Il est pour le moment difficile pour la ministre de la Justice d’annoncer une date d’entrée en application de la loi. «Il y a encore plusieurs étapes, comme l’avis du Conseil d’État.» Mais cela n’empêche pas le ministère de travailler sur la suite du projet. «Ce n’est qu’un premier volet qui permettra de s’engager dans une seconde étape.» La ministre souhaite dépénaliser, voire légaliser sous des conditions qu’il reste à définir, la production sur le territoire national. «Nous souhaitons instaurer sous le contrôle de l’État une chaîne de production avec la mise en place de points de vente.» Selon le rapport Relis (Réseau luxembourgeois d’information sur les stupéfiants et les toxicomanies) paru récemment, le cannabis reste la drogue la plus consommée au Grand-Duché. Tout comme l’autoculture, ce système permettrait alors de garantir la qualité du produit et de lutter contre les réseaux de trafiquants. En proposant un meilleur encadrement que l’offre illégale, il réduirait également les dangers psychiques et physiques liés à la consommation.

Promise initialement avant la fin de la législature actuelle, en octobre 2023, la mise en place de la loi risque de prendre un peu plus de temps. «Nous continuons nos travaux en intégrant de nouvelles données et espérons les présenter rapidement. Mais il faut être réaliste, la loi pourrait être prête pour 2023, mais le système ne sera pas en place.» Un retard que Sam Tanson explique par la pandémie de Covid-19. Rien à voir donc avec la volonté de ménager certains pays voisins, comme la France, peu favorables à voir apparaître un tel marché à leurs frontières. «Mais nous avons compris qu’il fallait davantage prendre en compte leur sensibilité», admet la ministre. Les textes internationaux, comme la Convention unique de l’ONU sur le contrôle des stupéfiants qui interdit le cannabis récréatif, ne l’inquiètent pas non plus. Pour elle, cette loi reste la meilleure solution pour réguler la consommation de cannabis. 
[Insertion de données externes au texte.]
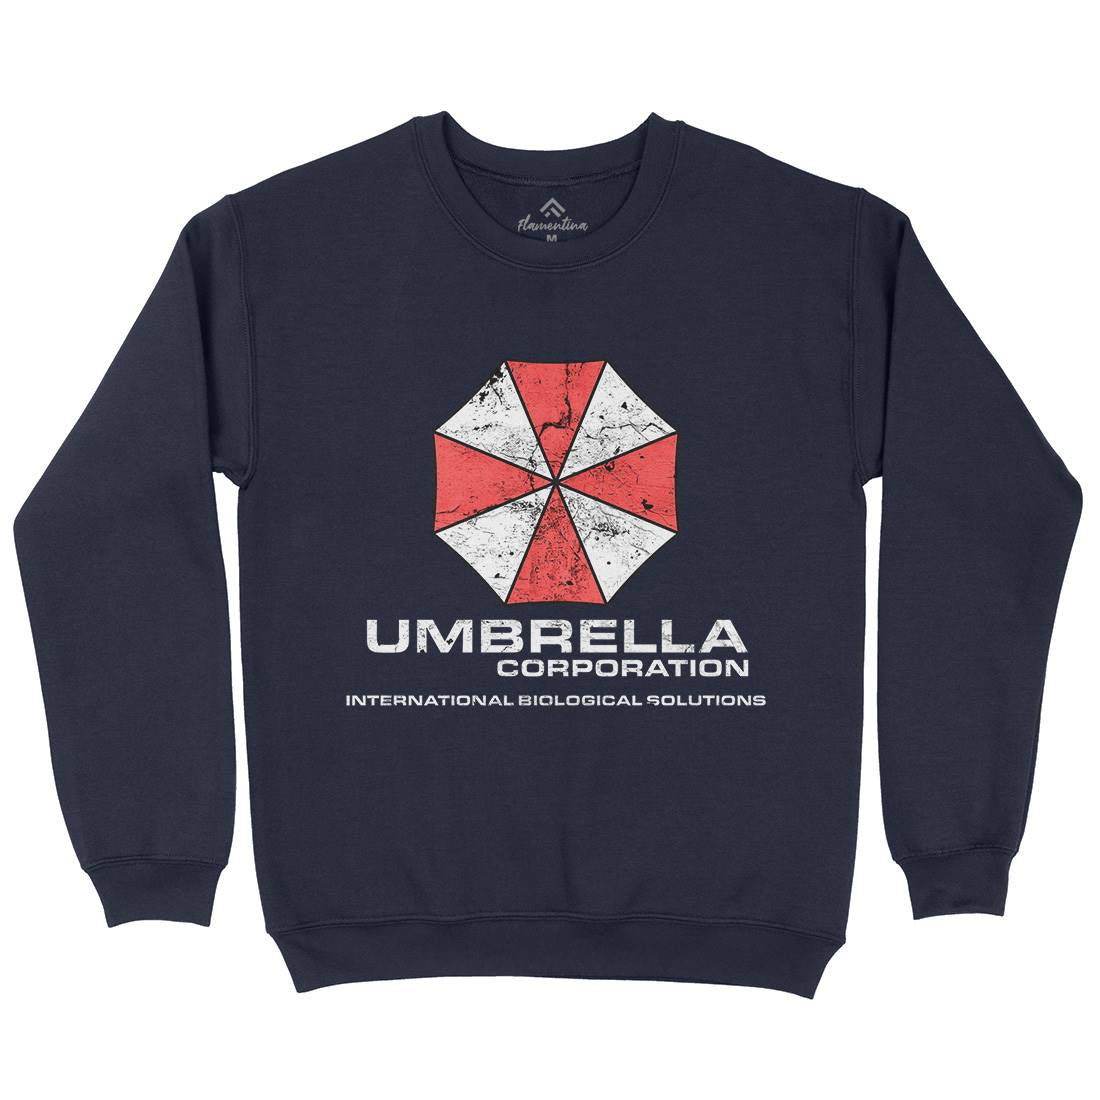 Umbrella Corp Kids Crew Neck Sweatshirt Horror D439

Un statut à part depuis 2001

Cette nouvelle étape résulte d’un long processus débuté en 2001. Cette année-là, une différenciation est introduite pour la première fois dans les peines selon la substance. Le cannabis obtient alors un statut juridique à part. Dans le cas d’un usage personnel, la consommation simple et la détention n’entraînaient plus de peine d’emprisonnement. En revanche, la vente, l’importation, la culture ainsi qu’une consommation associée à des circonstances aggravantes restaient passibles de sanctions pénales.

En 2018, c’est le cannabis médicinal qui a fait l’objet d’une autorisation. Sa consommation reste tout de même exceptionnelle et limitée à certains cas : la sclérose en plaques, le cancer ou certaines maladies graves à un stade avancé.